> RECORDED INFORMATION:
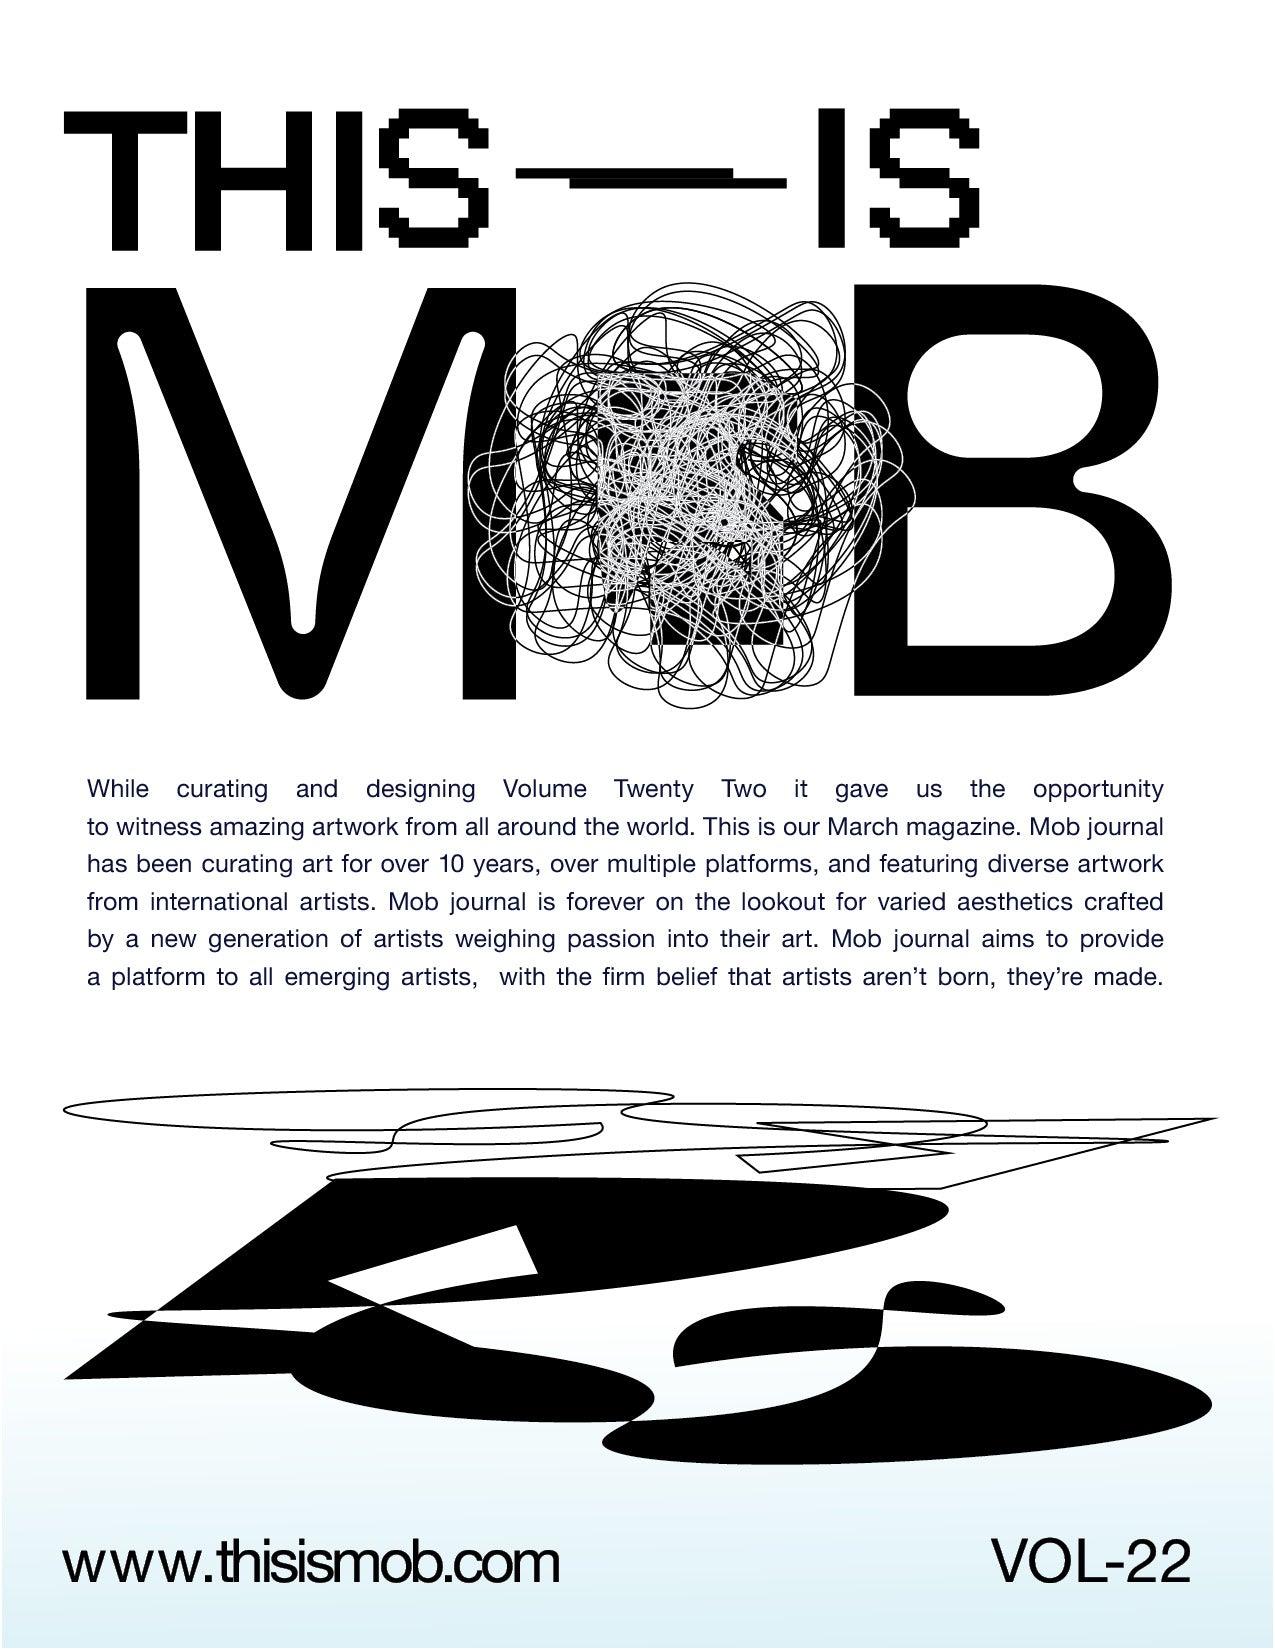 MOB JOURNAL | VOLUME TWENTY TWO | ISSUE #08 - Mob Journal
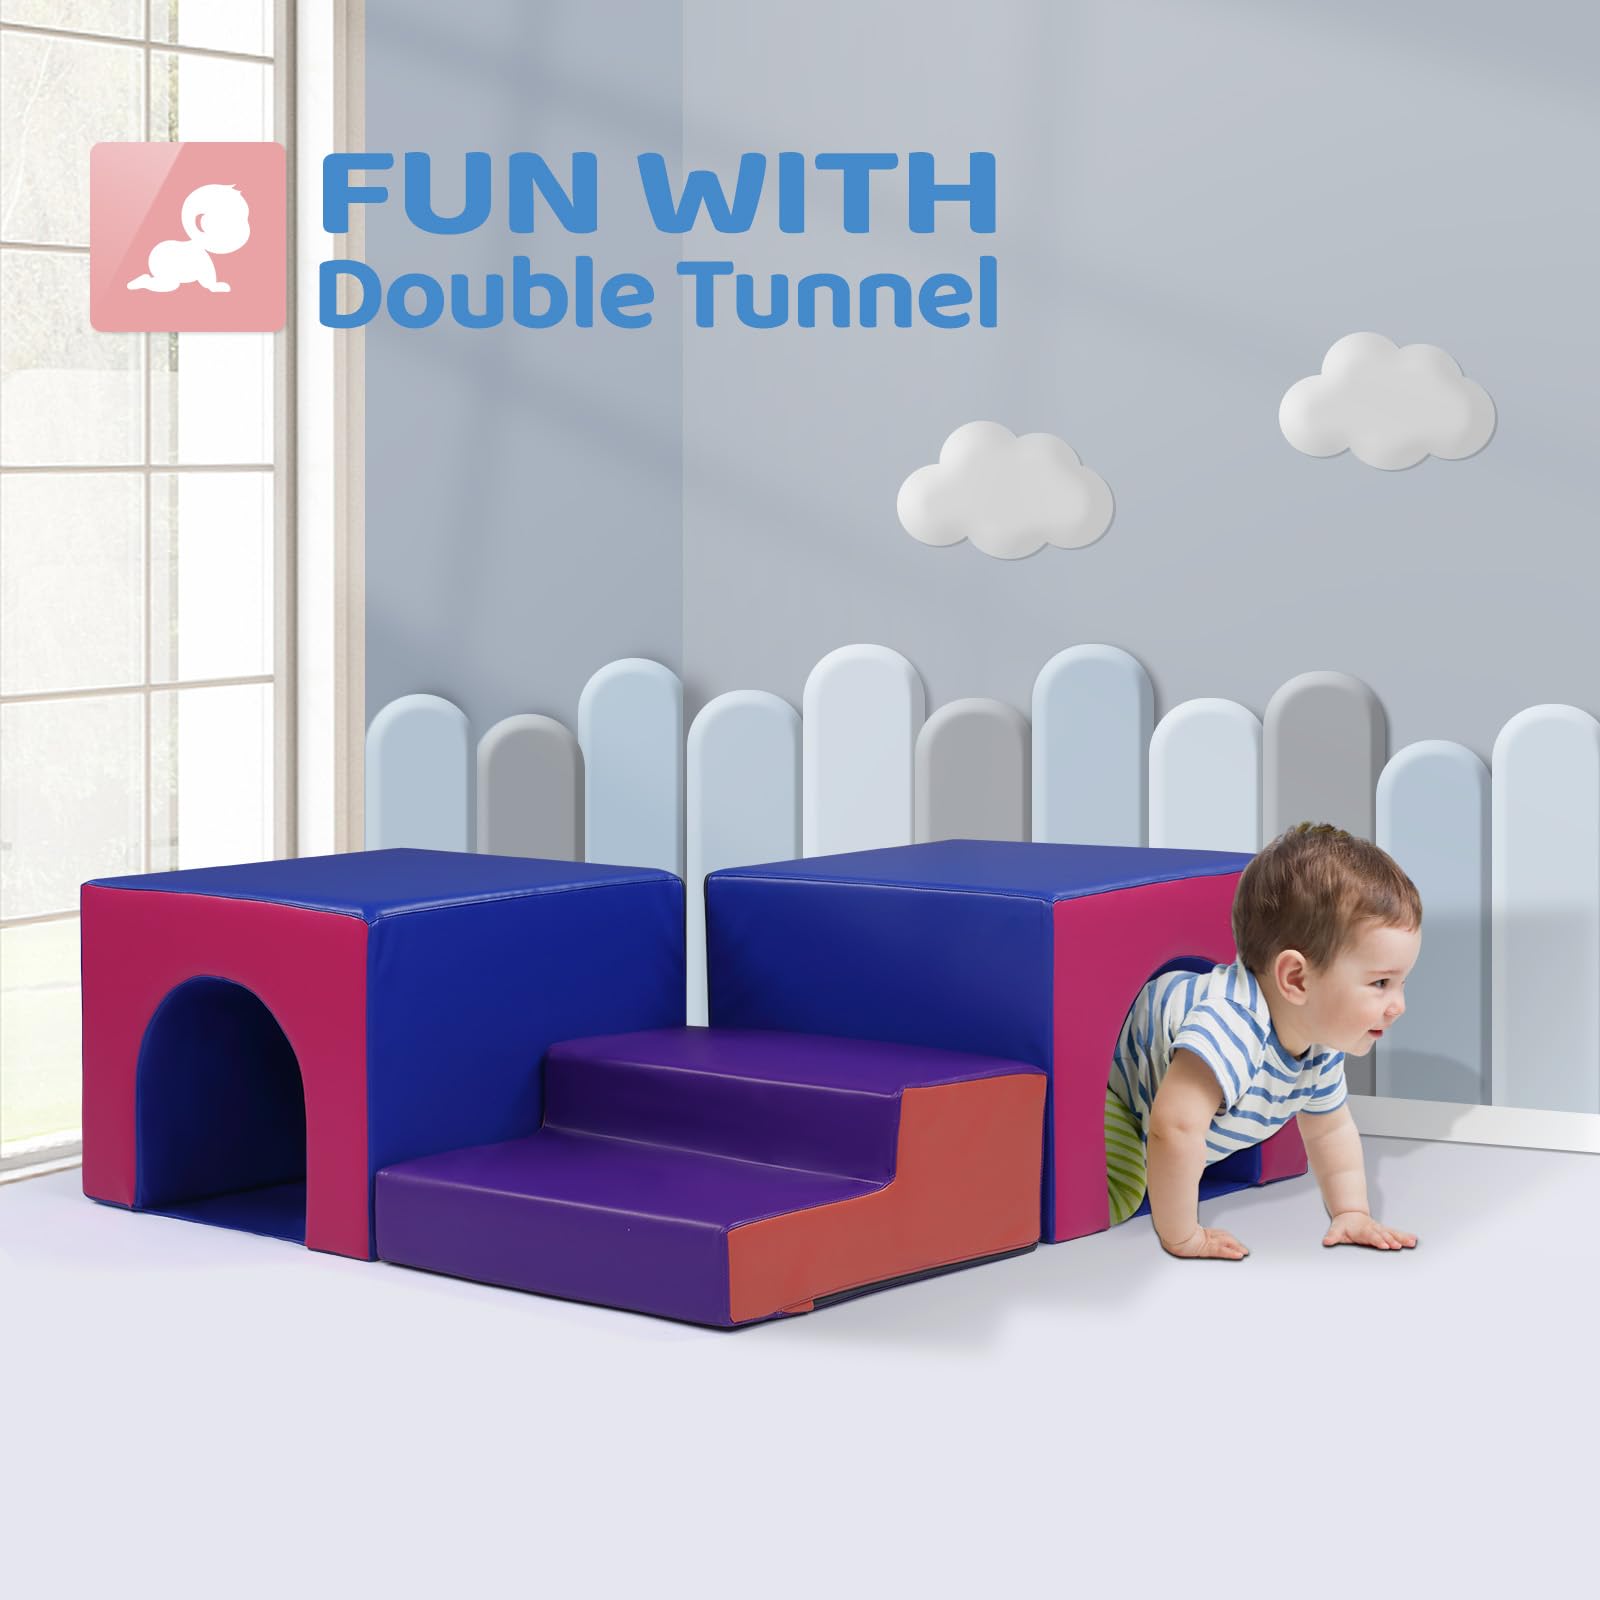 Best Choice Products 5-Piece Kids Climb & Crawl Soft Foam Block Playset Structures for Child Development Motor Skills
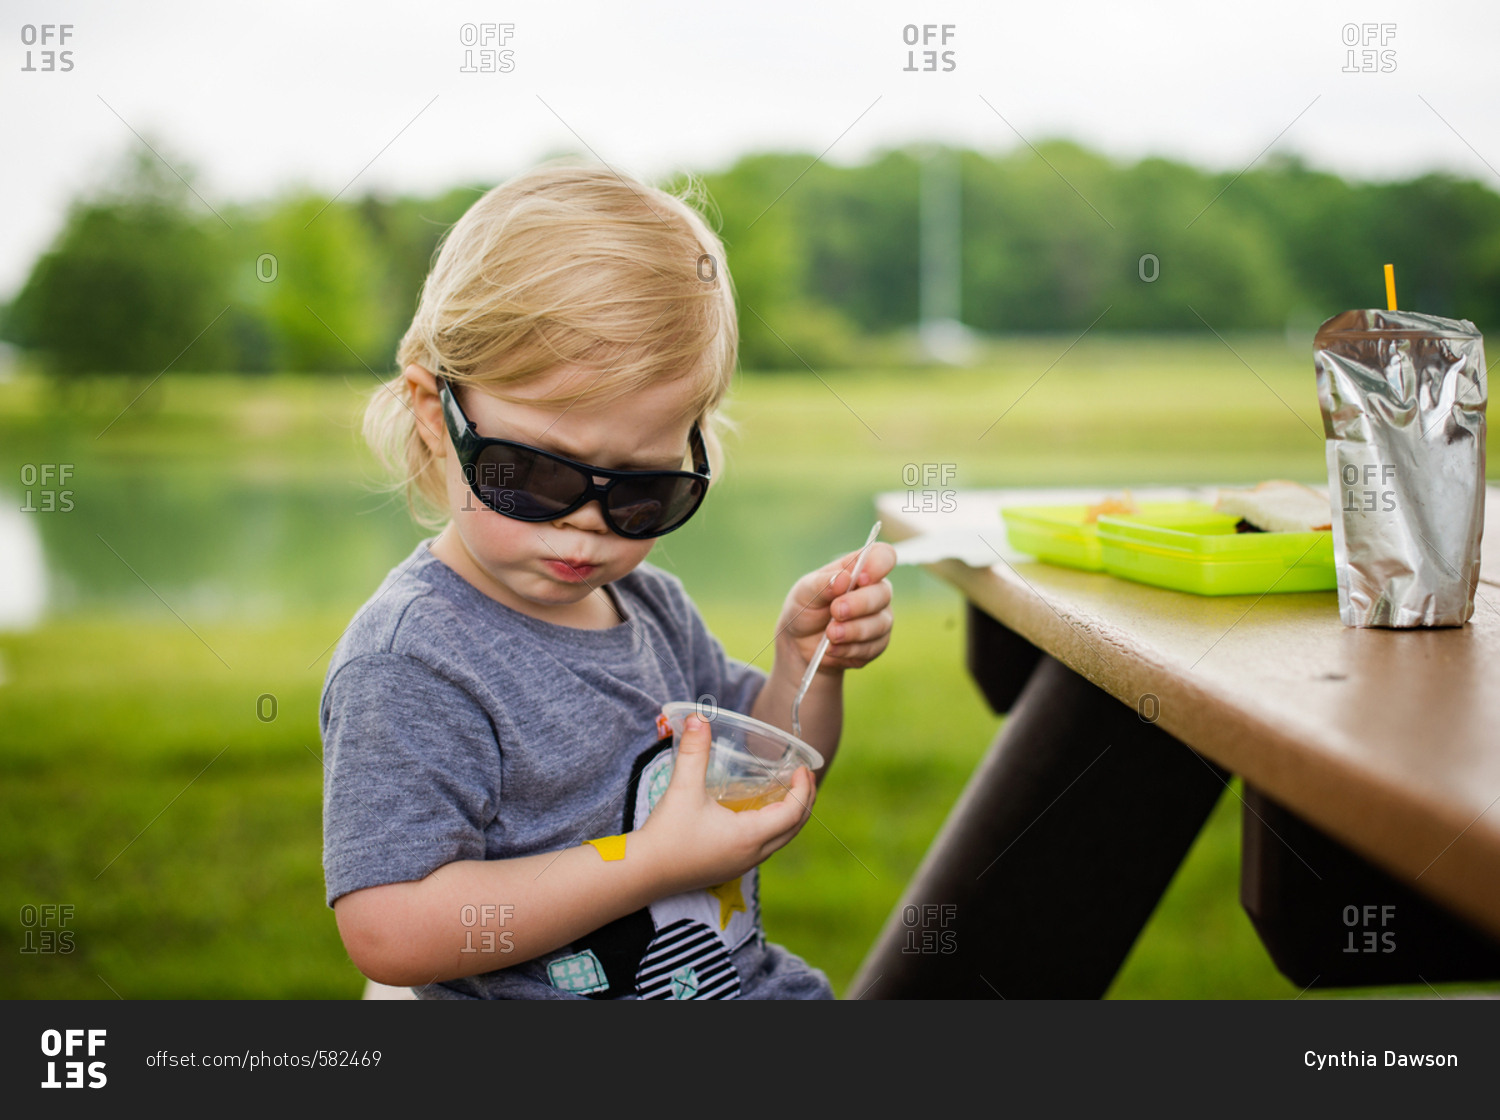 Toddler boy wearing sunglasses eating at picnic table
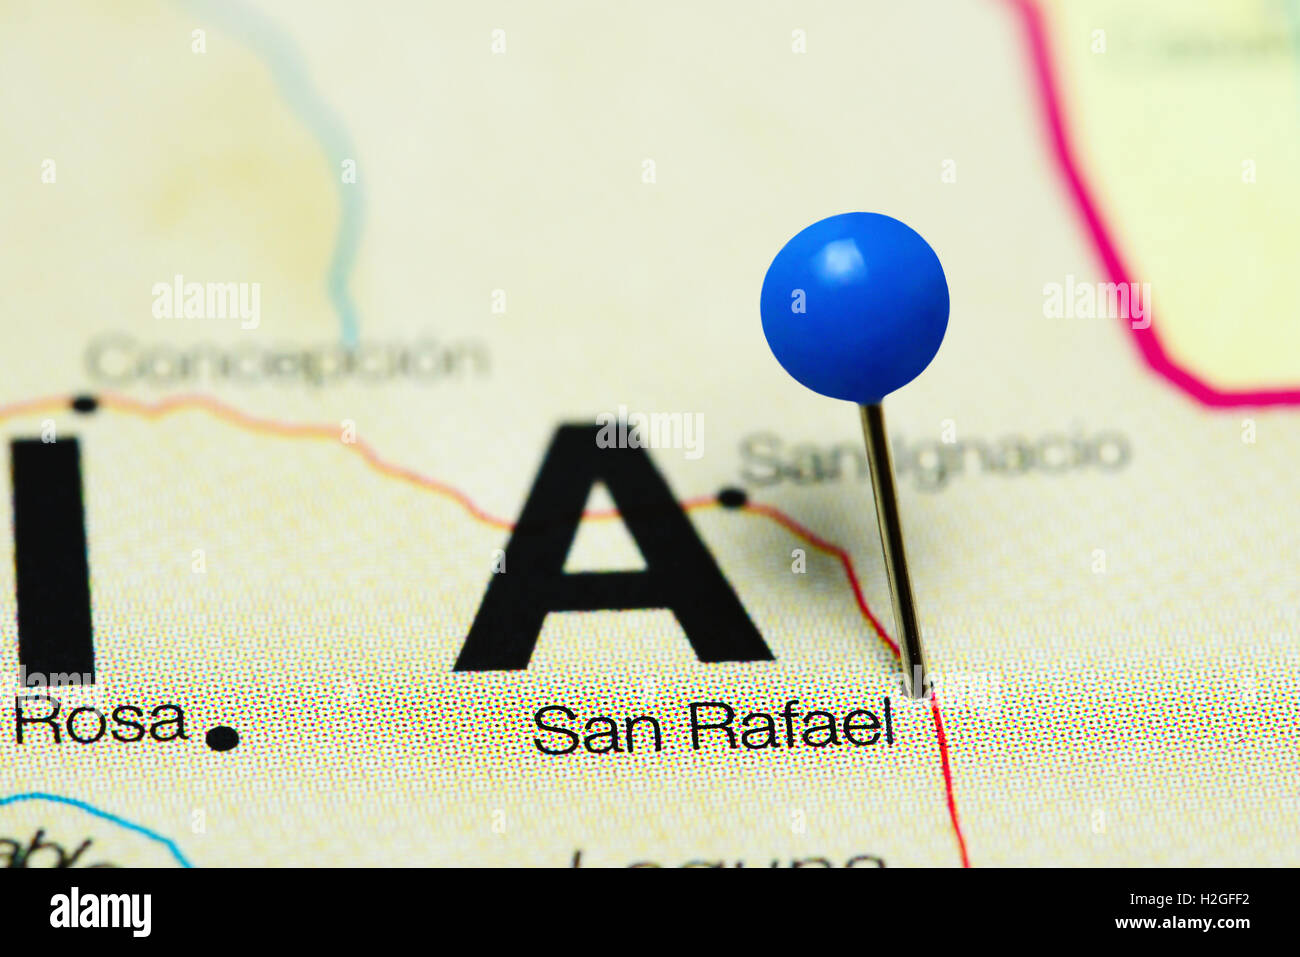 San Rafael anclado en un mapa de Bolivia Foto de stock

> WHAT TO PRODUCE:
No picture belongs in the copy; return the rest of the listing exactly.

> OUTPUT FOR THIS TASK:
 MOB JOURNAL | VOLUME TWENTY TWO | ISSUE #08 - Mob Journal
 Best Choice Products 5-Piece Kids Climb & Crawl Soft Foam Block Playset Structures for Child Development Motor Skills
 Toddler boy wearing sunglasses eating at picnic table
 San Rafael anclado en un mapa de Bolivia Foto de stock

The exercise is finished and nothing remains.